My attempt: the cardinality of all 10 card possibilities is: $52 \choose 10$. The probability of picking a queen is $4/52$ and the probability of picking 5 diamonds is $13 \choose 5$, finally $36 \choose 4$ ways of picking the last 4 cards. Overall we have then: 
$$P=\frac{4/52 * {13 \choose 5} * {36 \choose 4}}{52 \choose 10} = \frac{891}{2417116}$$
Is this correct? Have I mis-counted something due to the fact that among the 5 diamonds the queen of diamond could have already occured (and thus satisfied the queen condition as well)?
I'm having some difficulties as to how translate such questions in terms of union or intersection of simpler events, any help would be much appreciated.
 A: If I call $D$ the random variable to have some number of diamonds in the hand (ten cards) and $Q$ the random variable to have some number of queen in the hand the probability that I want is
$$\Pr[D=5\cap Q=1]$$
We have two different kind of hands for this situation and $D$ and $Q$ are not independent
$$\Pr[D=5\cap Q=1]=\begin{cases}\binom{12}{5}\binom{3}{1}\binom{52-16}{4}\binom{52}{10}^{-1},\ &\text{ if the queen is not diamond}\\\binom{12}{4}\binom{1}{1}\binom{52-16}{5}\binom{52}{10}^{-1},\ &\text{ if the queen is diamond}\end{cases}$$
Add the two cases to have the probability that you want
A: The likelihood of getting exactly k diamonds in ten cards is ${{13 \choose k}*{39 \choose 10-k}\over {52 \choose 10}}$.
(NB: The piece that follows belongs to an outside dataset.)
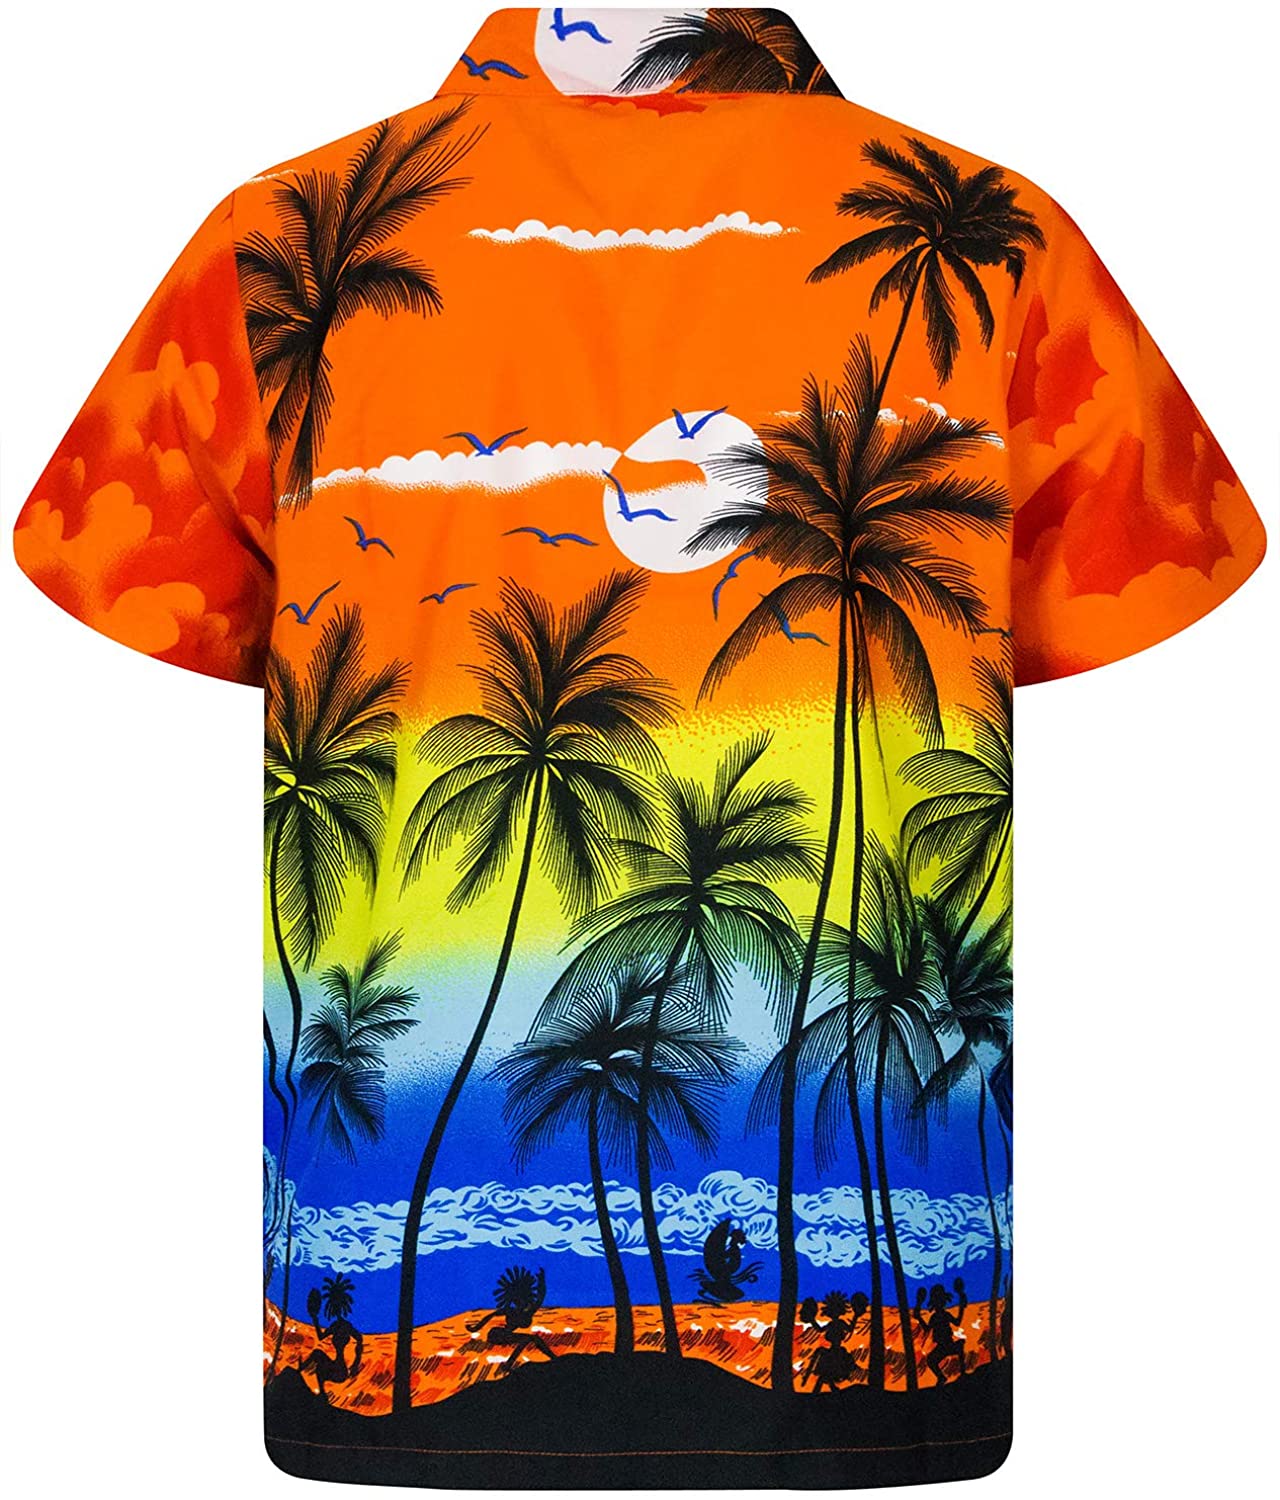 King Kameha Hawaiian Shirt for Men Funky Casual Button Down Very Loud ...

The odds of getting at least one queen are not independent of the number of diamonds. (For example, if you have 13 diamonds you are sure to have a queen.) Rather, if you have k diamonds, the likelihood that none of them are the queen is ${(13-k)\over 13}$, while the likelihood of the non-diamonds all being non-queen is ${36!/(26+k)!\over 39!/(29+k)!}$.  Therefore, the likelihood of having at least one queen given k diamonds is 1 - ${(13-k)\over 13}*{36!/(26+k)!\over 39!/(29+k)!}$
That being said, the likelihood of getting at least 5 diamonds and at least one queen is $$\sum_{k=5}^{13} {{13 \choose k}*{39 \choose 10-k}\over {52 \choose 10}}*\left(1 - {(13-k)\over 13}*{36!/(26+k)!\over 39!/(29+k)!}\right)$$